On Friday, many learned of Ginsburg’s passing on the Jewish new year, called Rosh Hashanah, falling on a Friday evening, which also marks the beginning of Shabbat: Judaism’s day of rest, and the seventh day of the week. The simultaneous occurrence of these two events brought further special meaning to Ginsburg’s life.  

As tweeted by writer and book critic Ruth Franklin, “a person who dies on Rosh Hashanah, which began tonight, is a tzaddik, a person of great righteousness.” Ginsburg has appropriately been attributed this title for the work she’s done throughout her fiercely trailblazing career.
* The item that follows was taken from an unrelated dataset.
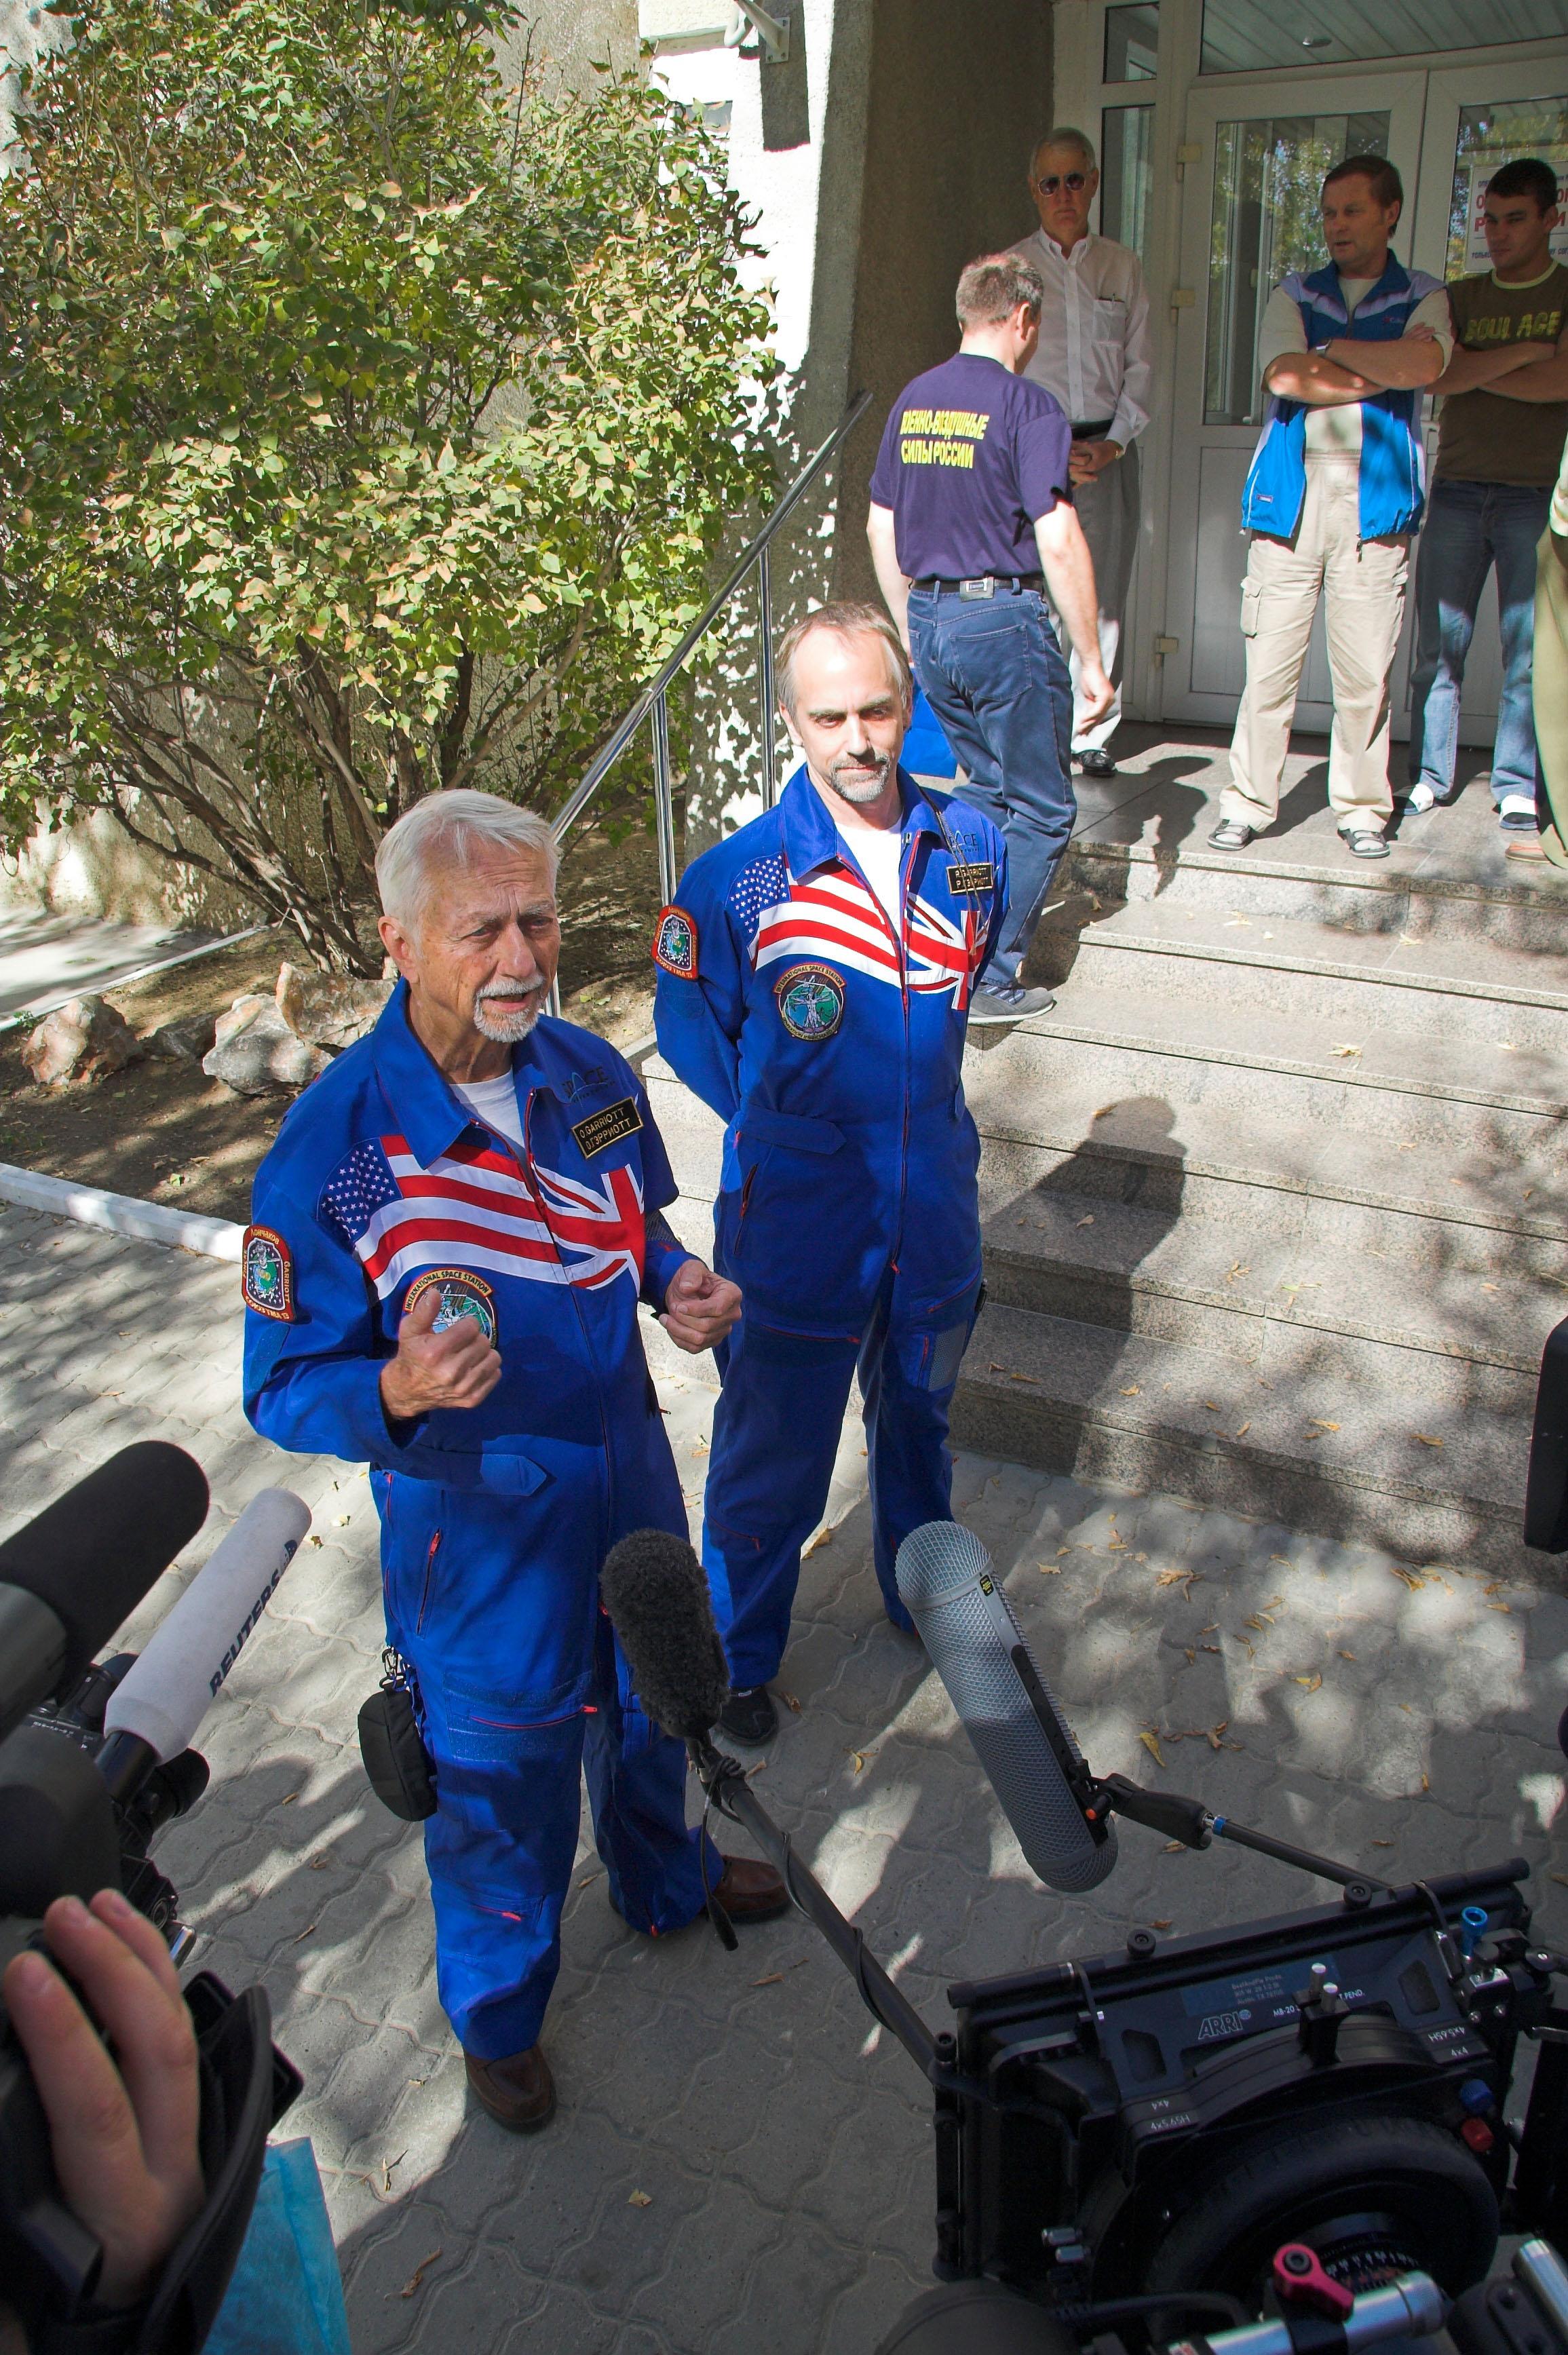 Astronaut Owen Garriott assists his son, Richard Garriott

With her passing on Rosh Hashanah, her family hadn’t had the proper time to mourn. When an individual passes away on Yom Tov or a Jewish holiday, their funeral services and family’s Shiva services—the week-long mourning period in Judaism for immediate relatives—cannot begin until after the day after

Both the internet and the Republican party had begun thinking of an individual to fill her seat almost immediately after hearing of her passing. It’s harder to grapple with this while watching conservative and liberal representatives battle over the ethical dilemma of her now-empty Supreme Court seat, knowing her loved ones didn’t have the proper time to celebrate her life.

While the politicization of the now-empty Supreme Court seat is inevitable, may Ginsburg’s memory be a blessing, and also a revolution.